Weekly Taxol group

notdefined

Thank you HappyAnyway. I have an appt. on Wednesday to discuss further, but by that point I will only have one Taxol left. I am curious if it is worth adding at the end.

I'm more upset that he is not up to date on research. I guess now I will just have to hope that what I have done was enough for a pCR. If not, I'm sure there will be further discussions.

HappyAnyway

I feel for you. These are potentially the most important decisions in our lives.

loiswb

Happy anyway, I have the same color difference and hate it. I have some fuzz/slightly more hair growing back in so self tanner would be a mess I'm afraid but I was startled by the difference too. I am already quite fair so I was surprised to see such a contrast.

Margun, ipenelope's advice is great. If the blister pops or the redness spreads, or you notice fever, let the doctor/nurse know. Try not to put pressure on it with tight shoes, etc.

I have my last Taxol Friday!! Can't wait to be finished. Having much fatigue and on and off tingling in fingers and toes and yucky taste that seems worse, but I'm eyeing the finish line. Next up is Radiation but I don't see my MO till 7/23 so I guess I will get a 2.5 week break to rest/recover.

Wishing minimal side effects and positive vibes to all!

notdefined

Congrats Loiswb! One more whoo hoo!

ipenelope

margun- is the band aid plastic or fabric? Fabric breaths much better and good keeping it uncovered while at home.

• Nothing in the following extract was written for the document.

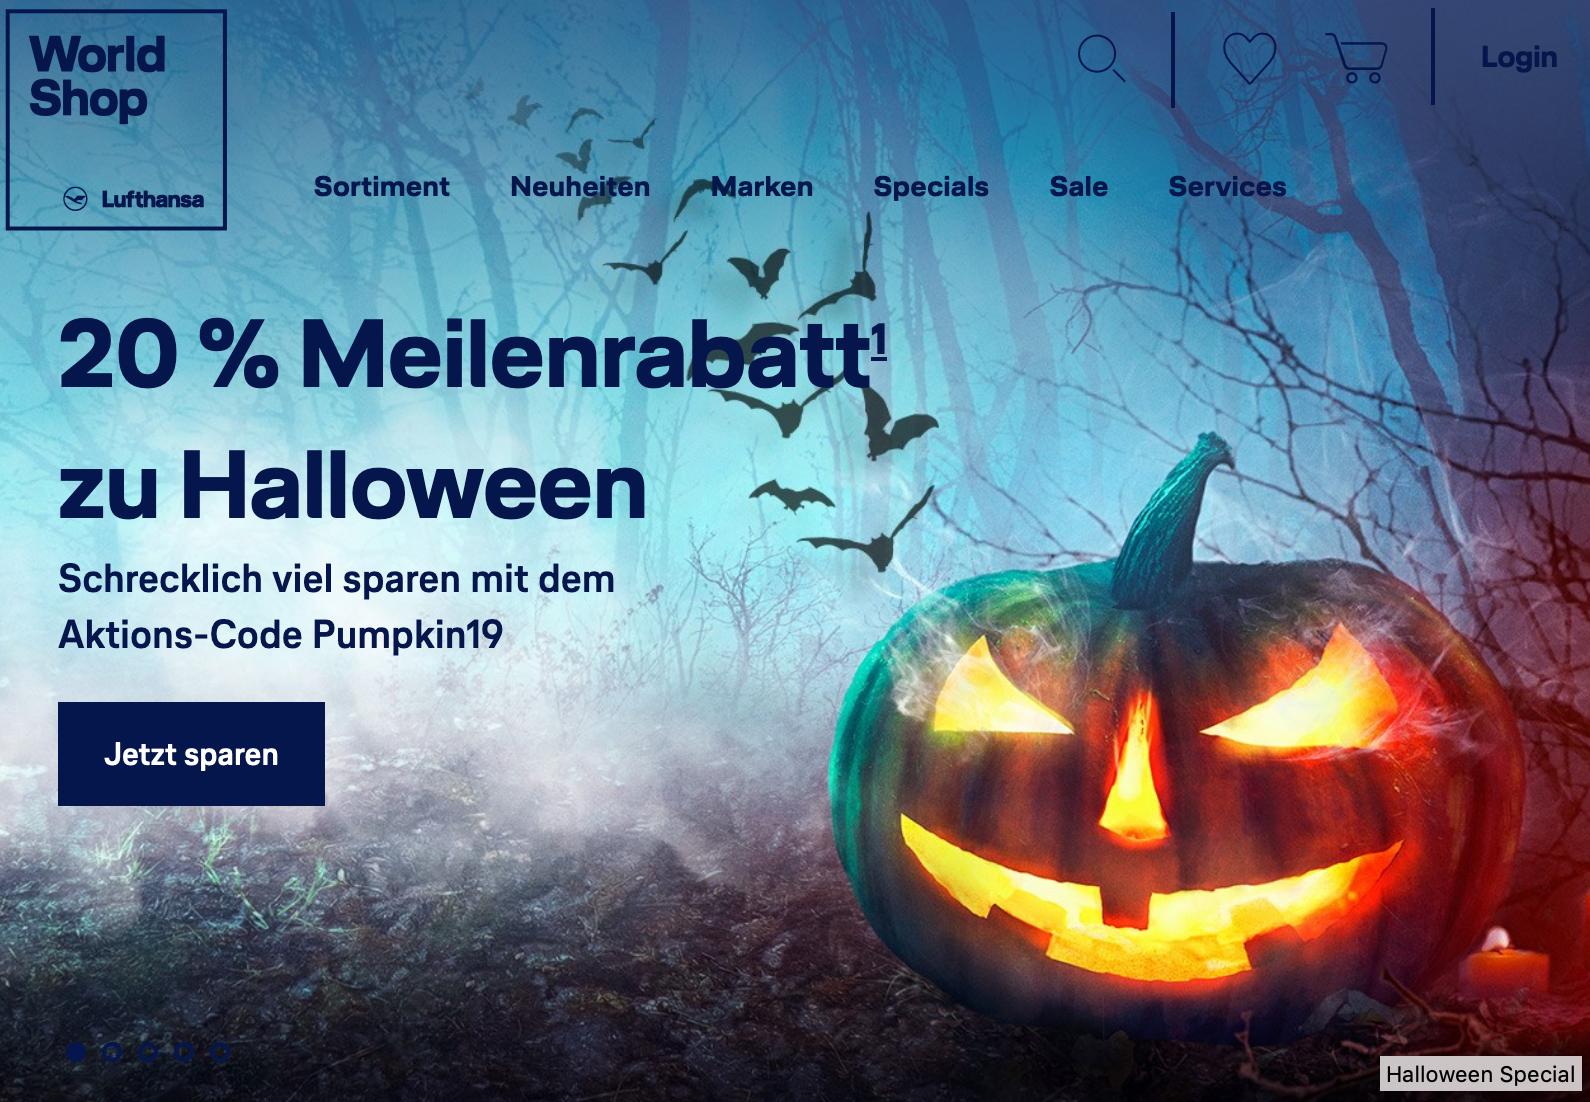 Miles & More World Shop: 20% Meilenrabatt zu Halloween

Happy good luck with the self tanner, my hair is coming in white to very very light blonde so I'm getting a natural tan on my head... first for everything right lol.

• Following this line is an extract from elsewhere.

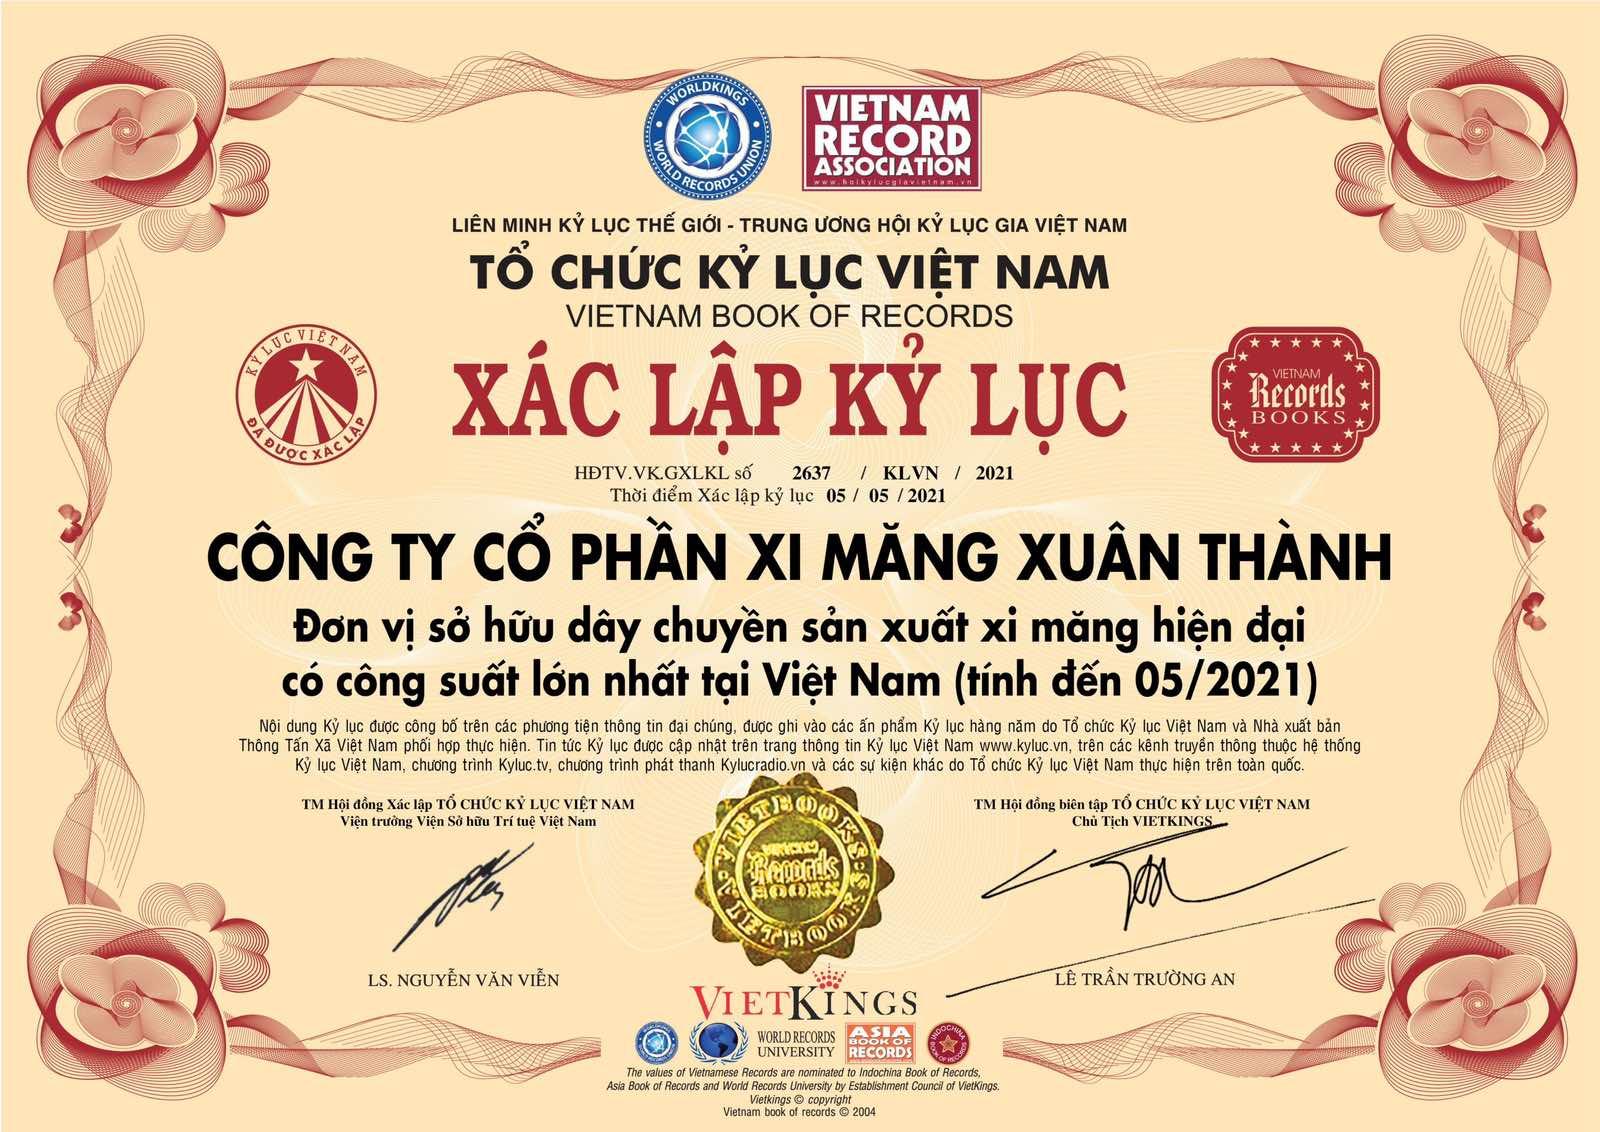 Công ty CPXi măng Xuân Thành đã chính thức xác lập kỷ lục là đơn vị sở hữu dây chuyền sản xuất xi măng hiện đại có công suất lớn nhất tại Việt Nam kể từ ngày 5 tháng 5 năm 2021.

Ucf- are you scans not showing positive changes??

I hope everyone is having a good cancer kicking ass week!!🥊🥊

~Katie💗

dogmomrunner

notdefined - If my tumor had been larger or lymph nodes had been involved then I would have been on taxotere/carboplatin/Herceptin/perjeta instead of Taxol and Herceptin. While I understand the perjeta would have been to shrink the tumor, I'm not sure why some of the other drugs would have been added or changed. While I trust my MO, I still wonder if I'm doing everything I should. I was willing to have the mastectomy instead of the lumpectomy but my BS said there was no difference in outcome. But I'm worried about recurrence. Really worried. I would talk to your MO about the Carboplatin

Also I wore a hat to work yesterday and I think the wig will only be occasionally. I felt much better (my head) in the hat.

Yay loiswb!

I hope everyone is doing well today. #5 today

DawnS1962

I saw BS yesterday and he did an ultrasound. My mass hasn't shrunk much from my last ultrasound 4/26 but he said it's less homogeneous. He thinks it's being eaten away by the chemo. He couldn't find the affected lympnoid which had me crying tears of joy. He said my armpit looked great. I told him no one has ever said that to me before 🤗

There is now space between my nipple and tissue so he's going to try for a nipple sparring mastectomy. No guarantees though and he said not to get my hopes up.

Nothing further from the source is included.